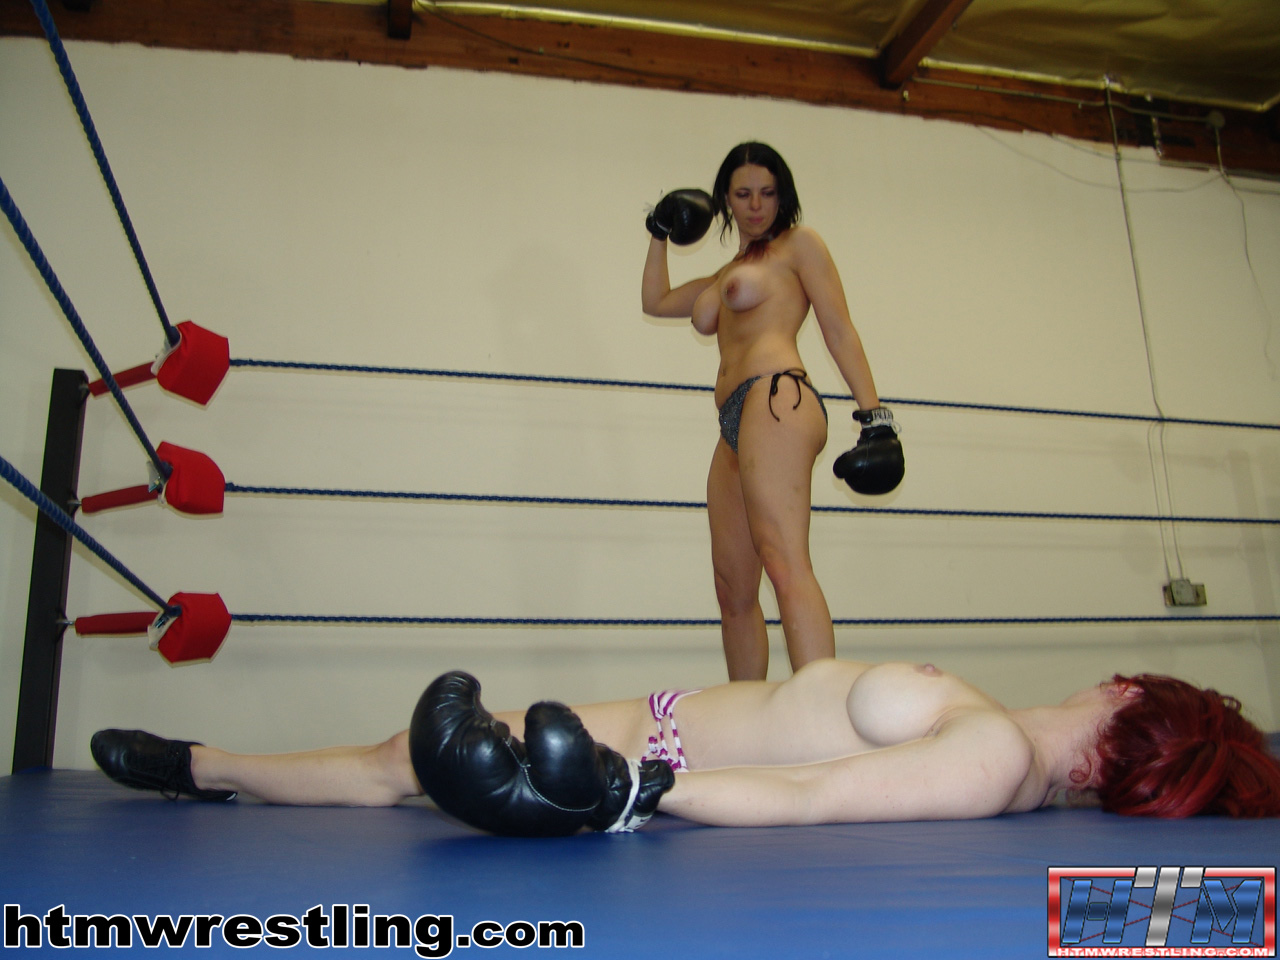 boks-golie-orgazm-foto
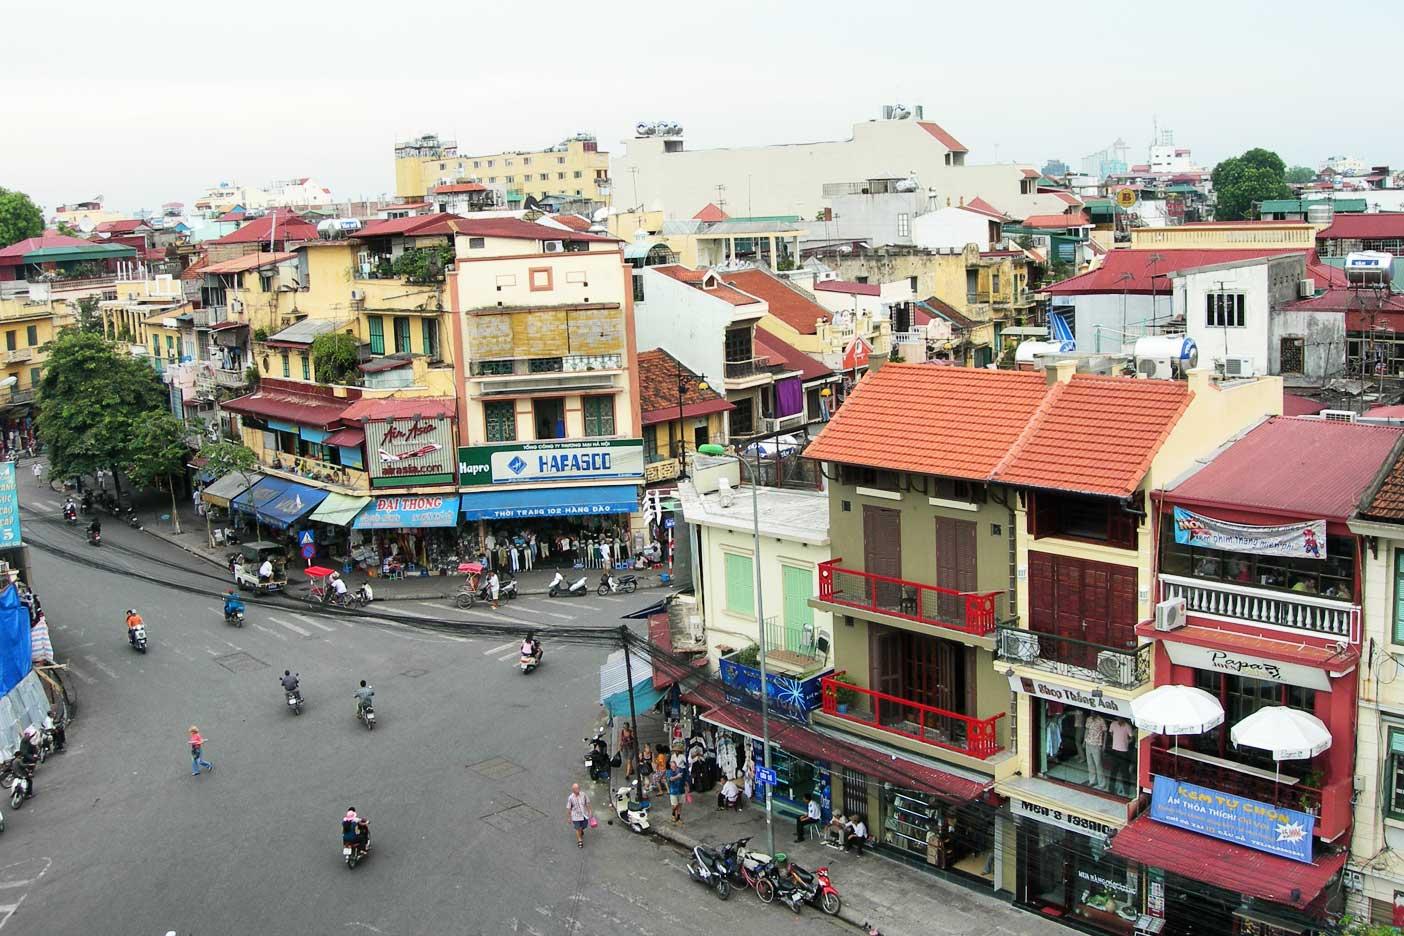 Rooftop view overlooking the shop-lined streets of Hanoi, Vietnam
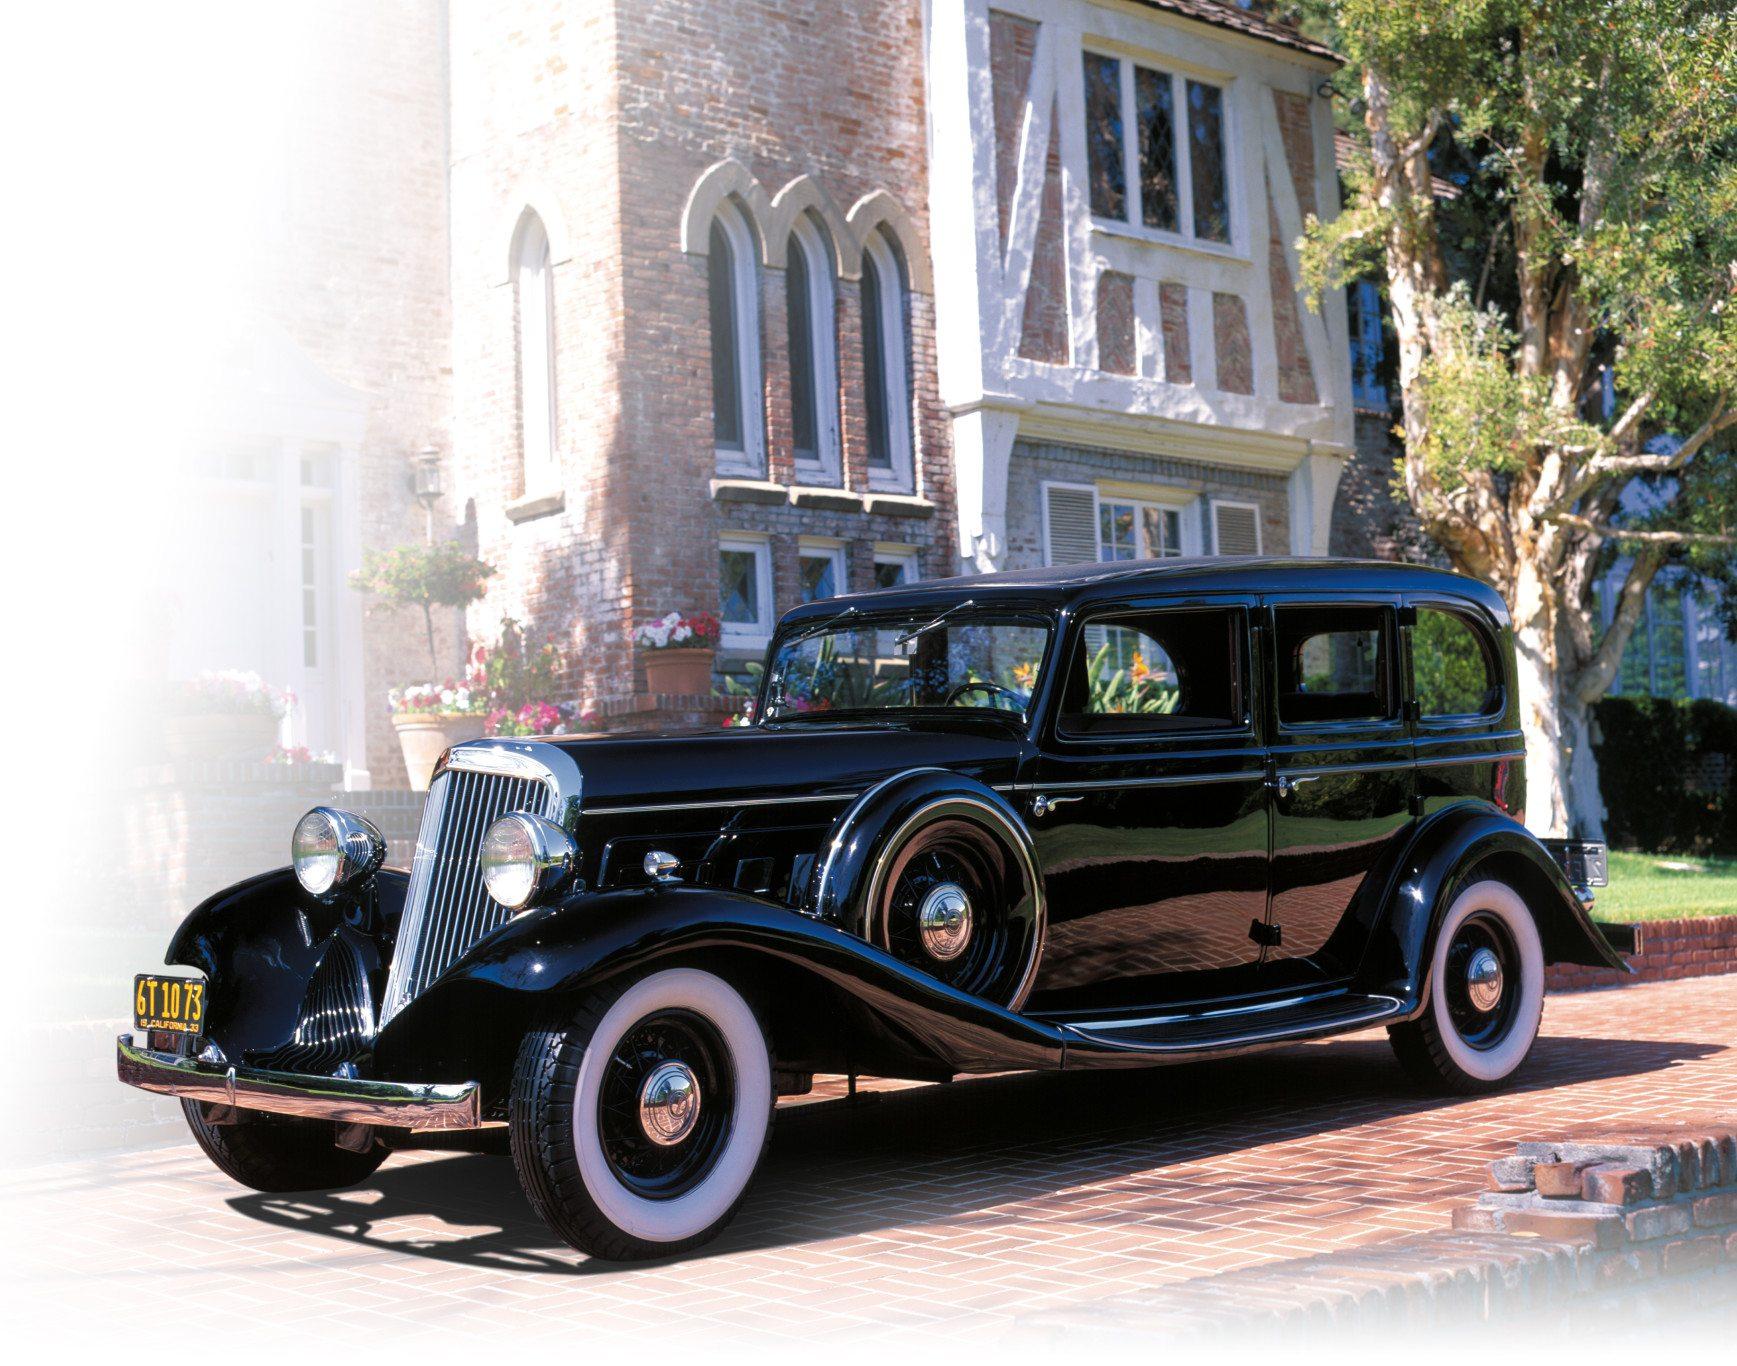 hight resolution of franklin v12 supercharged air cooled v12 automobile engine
------------------------------------------------------------
Every line of the material is to be quoted exactly, with no pictures carried over.

 boks-golie-orgazm-foto
 Rooftop view overlooking the shop-lined streets of Hanoi, Vietnam
 hight resolution of franklin v12 supercharged air cooled v12 automobile engine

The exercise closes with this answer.